Saturn has an equatorial diameter of 120,536 km and a pole diameter of 108,728 km. So for the semi-axes and . The mass of Saturn is about 5.683 · 10 26 kg. This results in: ${\ displaystyle a = 60268 \ \ mathrm {km}}$${\ displaystyle c = 54364 \ \ mathrm {km}}$

• Volume :${\ displaystyle V = {\ frac {4} {3}} \ cdot \ pi \ cdot a ^ {2} \ cdot c = {\ frac {4} {3}} \ cdot \ pi \ cdot (60268 \ \ mathrm {km}) ^ {2} \ cdot 54364 \ \ mathrm {km} \ approx 8 {,} 2713 \ cdot 10 ^ {14} \ \ mathrm {km ^ {3}}}$
That's about 764 times the volume of the earth.
• Medium density :${\ displaystyle \ rho = {\ frac {m} {V}} = {\ frac {5 {,} 683 \ cdot 10 ^ {26} \ \ mathrm {kg}} {8 {,} 2713 \ cdot 10 ^ {14} \ \ mathrm {km ^ {3}}}} = {\ frac {5 {,} 683 \ cdot 10 ^ {26} \ \ mathrm {kg}} {8 {,} 2713 \ cdot 10 ^ { 23} \ \ mathrm {m ^ {3}}}} \ approx 687 \ \ mathrm {kg} / \ mathrm {m ^ {3}}}$
Overall, Saturn has a slightly lower density than water under standard conditions .
• Surface :${\ displaystyle A \ approx 4 \ cdot \ pi \ cdot \ left ({\ frac {(a \ cdot b) ^ {\ frac {8} {5}} + (a \ cdot c) ^ {\ frac {8 } {5}} + (b \ cdot c) ^ {\ frac {8} {5}}} {3}} \ right) ^ {\ frac {5} {8}} = 4 \ cdot \ pi \ cdot \ left ({\ frac {(60268 \ \ mathrm {km} \ cdot 60268 \ \ mathrm {km}) ^ {\ frac {8} {5}} + (60268 \ \ mathrm {km} \ cdot 54364 \ \ mathrm {km}) ^ {\ frac {8} {5}} + (60268 \ \ mathrm {km} \ cdot 54364 \ \ mathrm {km}) ^ {\ frac {8} {5}}} {3} } \ right) ^ {\ frac {5} {8}} \ approx 4 {,} 27 \ cdot 10 ^ {10} \ \ mathrm {km ^ {2}}}$
That's about 84 times as much as the surface of the earth.

### Rugby ball

A rugby ball is around 280 millimeters long and has a diameter of around 200 millimeters on the minor axis . So for the semi-axes and . The mass of a rugby ball is around 400 grams.
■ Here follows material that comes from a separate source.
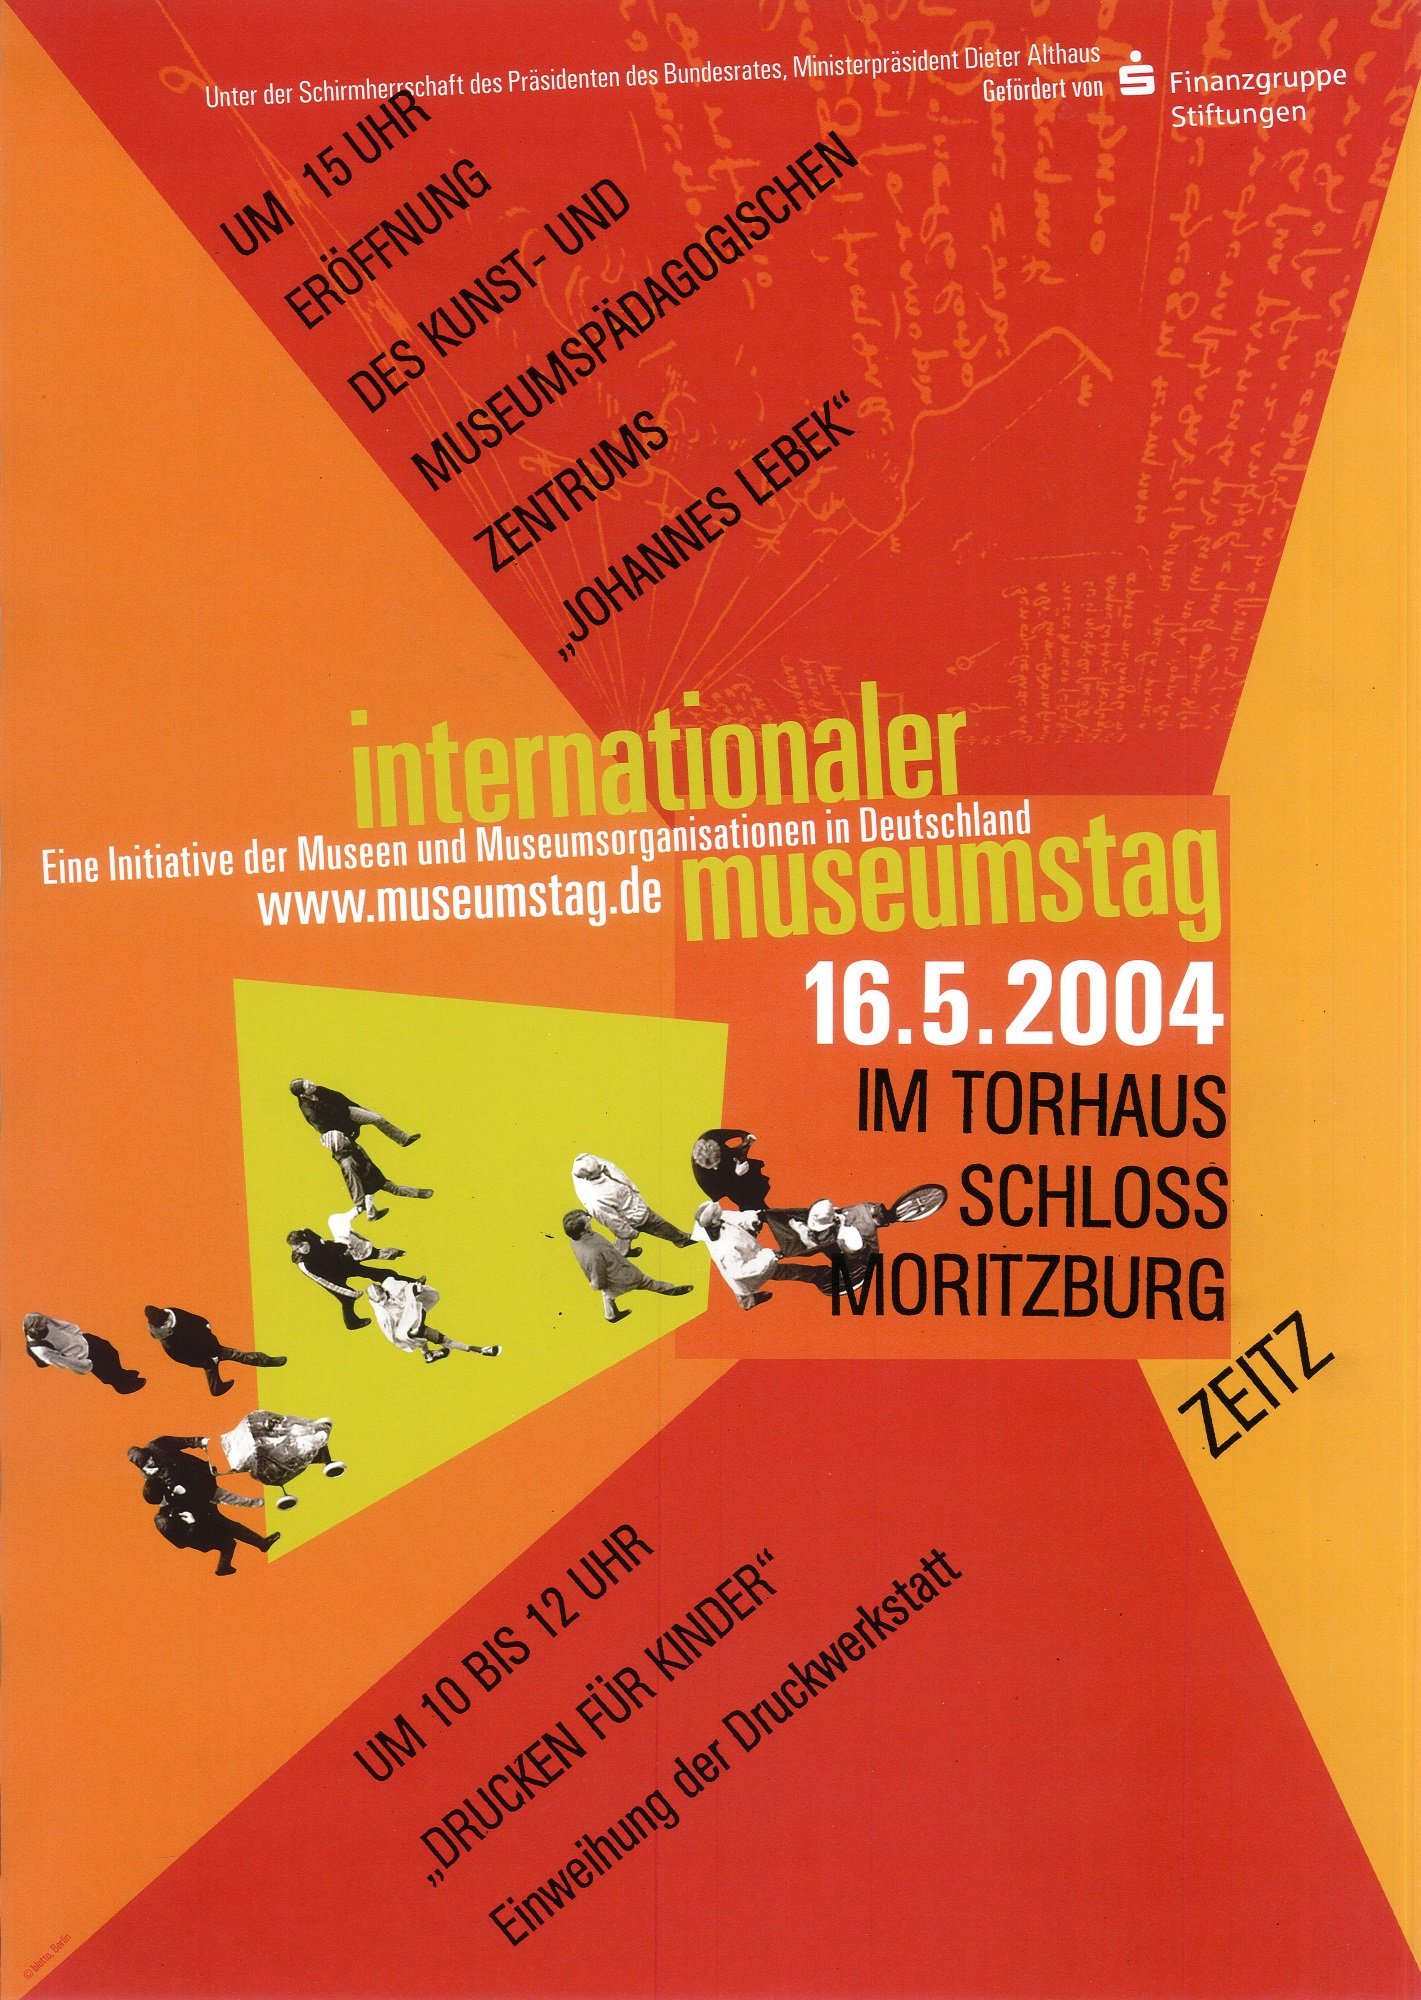 Plakat "Internationaler Museumstag" (Museum Schloss Moritzburg Zeitz RR-R)

This results in: ${\ displaystyle a = 100 \ \ mathrm {mm}}$${\ displaystyle c = 140 \ \ mathrm {mm}}$

• Volume :${\ displaystyle V = {\ frac {4} {3}} \ cdot \ pi \ cdot a ^ {2} \ cdot c = {\ frac {4} {3}} \ cdot \ pi \ cdot (100 \ \ mathrm {mm}) ^ {2} \ cdot 140 \ \ mathrm {mm} \ approx 5 {,} 86 \ cdot 10 ^ {6} \ \ mathrm {mm ^ {3}} = 5 {,} 86 \ cdot 10 ^ {- 3} \ \ mathrm {m ^ {3}}}$
• Medium density :${\ displaystyle \ rho = {\ frac {m} {V}} = {\ frac {400 \ \ mathrm {g}} {5 {,} 86 \ cdot 10 ^ {- 3} \ \ mathrm {m ^ { 3}}}} = {\ frac {0 {,} 4 \ \ mathrm {kg}} {5 {,} 86 \ cdot 10 ^ {- 3} \ \ mathrm {m ^ {3}}}} \ approx 68 \ \ mathrm {kg} / \ mathrm {m ^ {3}}}$

In contrast to golf balls, rugby balls float on the water.